With this out of the way, we can now make a boolean type:

type Boolean = Either Unit Unit
let true = Left ()
let false = Right ()

Here’s the not function for this type:

not :: Boolean -> Boolean
not Left () = Right ()
not Right () = Left ()

In fact, we can generalize this to create types with any finite amount of values (that is, enum types). We simply need to nest Eithers. Here’s how you can create a three-state enum of Queued, Working and Completed (which might represent the state of a task in a work queue):

type StatusEnum = Either Unit (Either Unit Unit)
let Queued = Left ()
let Working = Right (Left ())
let Completed = Right (Right ())

(Of course, none of this is very practical: used in a real system, it’d be as painfully slow to write as it would be to run.)

Notice that infinite types are out of our reach, unless we allow ourselves to write down infinite definitions. Of course, since we’d like our programs, theoretical as they may be, to terminate, we won’t allow this.

One thing functional programmers like, besides writing tutorial on monads, is to create pair types. For instance, they might want to define the type of pairs of booleans and statuses; this could represent the combination of whether a task is high-priority or not and what its current status is.

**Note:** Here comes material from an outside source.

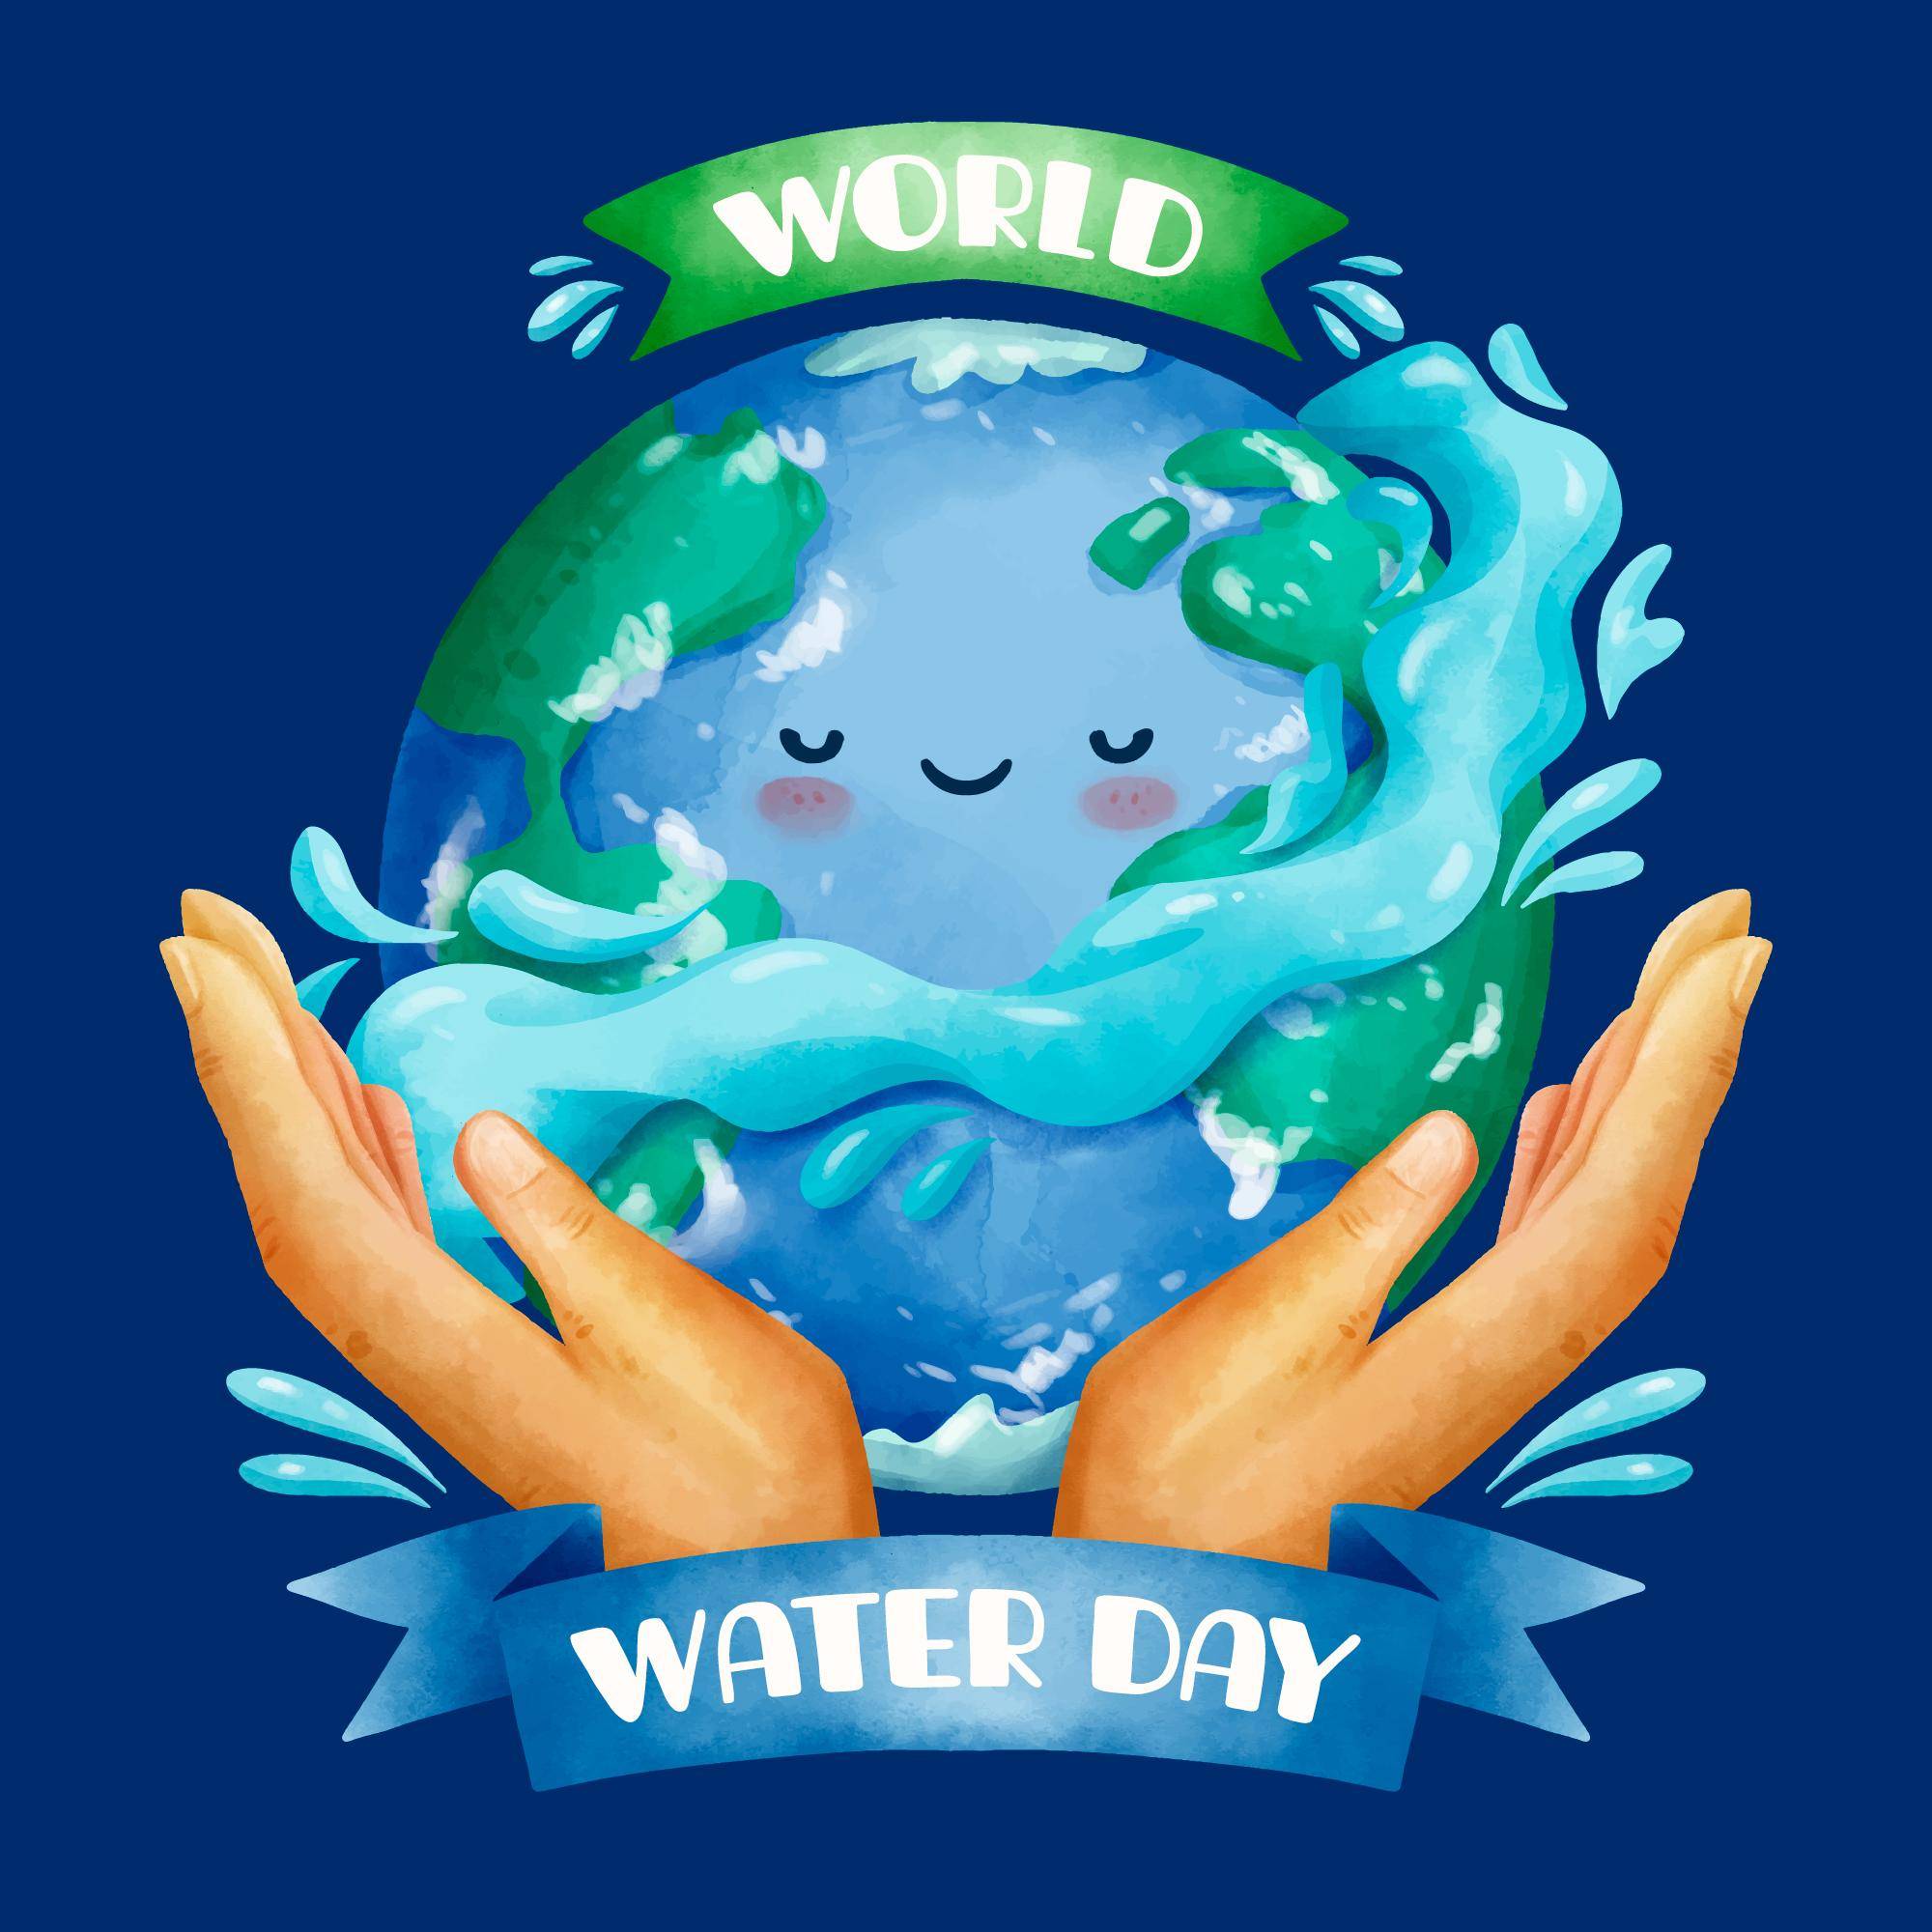 年第二十九届世界水日 联合国确定主题为 valuing water(珍惜水

We can’t directly define pairs with our Either, but fortunately, there’s just a finite number of possible pairs of booleans and statuses! These are (True, Queued), (True, Working), (True, Completed), (False, Queued), (False, Working), (False, Completed), which we can just represent with a 6-state enum.

Counting finite types

By the way, could we have predicted the pair of Boolean and StatusEnum had 6 elements? Sure! The pair of two finite types with $n$ and $m$ elements respectively has $nm$ elements. This is why pairs are often called product types.

What about Either? If x has $n$ elements and y has $m$, how many elements are there in Either x y? Easy too, there are $n+m$ (each element of Either x y is one of the $n$ elements of x or one of the $m$ of y). Accordingly, we call this a sum type.

We have a type constructor that adds the number of elements in its component types (Either), another that multiplies them (the pair, which we’ll soon call Pair). Any other operations?

Well, this is functional programming, so perhaps the most natural type to form from two other types is the type of functions from one to the other. We’ll call this type (->) x y. How many functions are there from x to y? Just like a pair was formed by picking an element from x and one from y, we form a function by picking and element of y for every element of x, i.e. pick one of $m$ elements $n$ times. There’s $m^n$ possible choices, so that’s also the number of functions from x to y.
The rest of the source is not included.